The Kyiv National University of Construction and Architecture (informally referred to as KNUCA) –  better known under its former name Kyiv Civil Engineering Institute – is the largest and most important building and architectural university of Ukraine located in the nation's capital, Kyiv.

History
The institution was founded in 1930 as the Kyiv Civil Engineering Institute on the basis of factory and communal construction branch of the Kyiv Polytechnic Institute (KPI) and the architecture faculty of the Kyiv Art Institute.  During the post-World War II Soviet period, KISI rose to become the second highest engineering and architecture faculty in the USSR, behind the Moscow Civil Engineering Institute (МИСИ).

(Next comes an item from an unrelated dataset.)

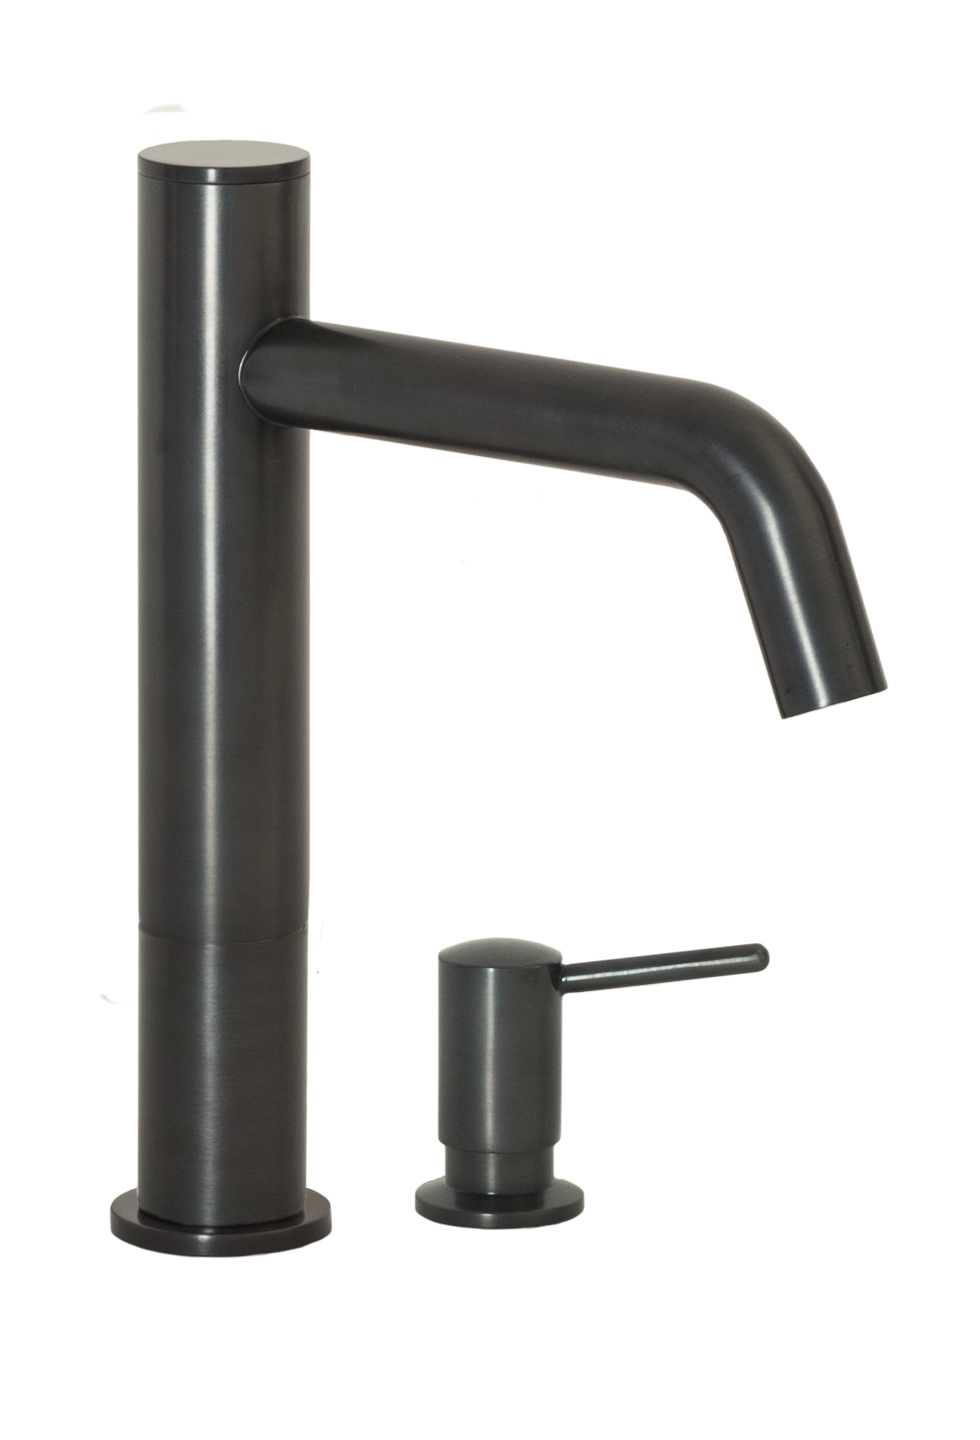 FA-3283S Automatic Faucet with 8” Spout Reach, 3” Riser and Manual Soap Dispenser In Oil Rubbed Bronze

By the Decree of the Cabinet of Ministers of Ukraine of August 13, 1993, the Kyiv State Technical University of Construction and Architecture was created on the basis of the Kyiv Civil Engineering Institute. On February 28, 1999, by the Decree of the President of Ukraine (217/99) the university was accorded the status of a National University as "Kyiv National University of Construction and Architecture."

Student life

Educational and scientific work is organized and carried out by more than 96 chairs numbering about 800 professors and instructors.

About 10,500 students study at the university. After the graduation, they acquire the education qualification levels of Bachelor, Specialist, and Master of Science. The postgraduate courses in about 30 specialities are available at the university for those who choose to continue their professional and scientific training under the guidance of experienced advisers. The postgraduate preparation functions at the University, 9 specialized Scientific Councils for protection of the doctor's and candidate dissertations in 25 scientific specialties, 7 research institutes and 11 specialized research laboratories works.

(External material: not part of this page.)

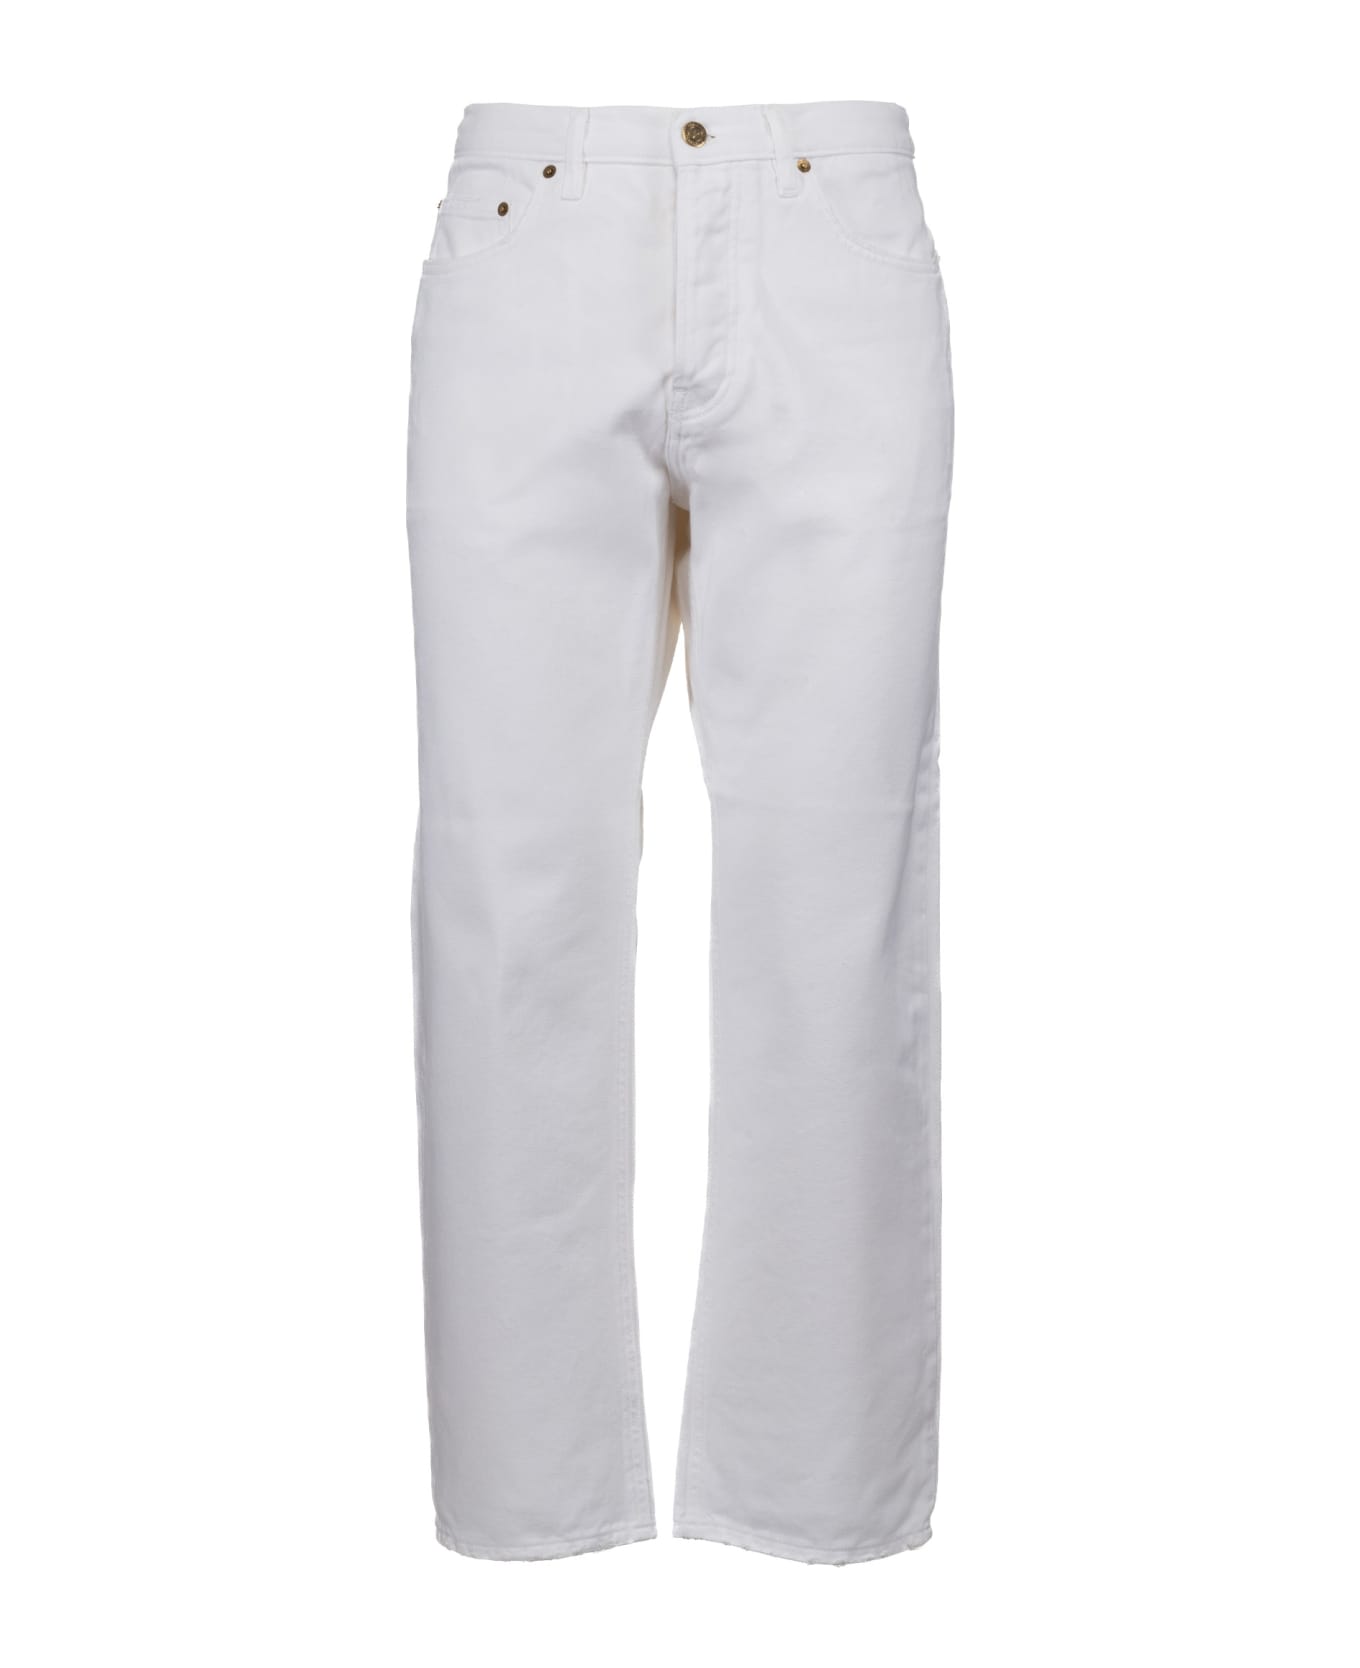 Golden Goose Cory Jeans - Bianco ボトムス

The campus area includes six education cases, center of information technologies and computer-aided specialized laboratories, sports complex, library complex and reading hall (more than 1 million publications), eight hostels, hotel, sanatorium, educational-rehabilitation camp, food enterprises, etc.

Academics 
KNUCA is a large research university with a majority of enrollments in undergraduate & graduate and professional programs.

Undergraduate and graduate 
Faculty of Architecture;
Faculty of Construction;
Faculty of Construction technological;
Faculty of Automation and information technologies;
Faculty of Geoinformation systems and territory management technologies;

Faculty of Engineering Systems and Ecology 
Dean - Professor Oleksandr Priymak, D.Sc.

The history of the faculty begins from the date of foundation of university (1898).

Students obtain bachelor's and master's degrees in the following specialities:

- Ecology (specialization - Ecology and environmental protection);

- Heat energy (specialization - Energy Management);

- Environmental protection technologies (specialization - Environmental protection technologies);

- Construction and civil engineering.

The faculty consists of five departments:

Department of water supply and drainage

Department of labor protection and environment 
Head - Professor Tetiana Tkachenko, D.Sc.,

Other leaderships:

- professor Olena Voloshkina, D.Sc.

- Professor Tetiana Krivomaz, D.Sc.

Source: Department of labor protection and environment of KNUCA

Department of heat and gas supply and ventilation

Department of heat engineering

Department of physics

Faculty of Urbanism and Spatial Planning

External divisions 
Institute of Innovative Education KNUCA;
Kyiv Industrial College KNUCA;
Nikolaev building college KNUCA;
Zhytomyr Technological College KNUCA;
Vinnytsya college of construction and architecture of KNUCA.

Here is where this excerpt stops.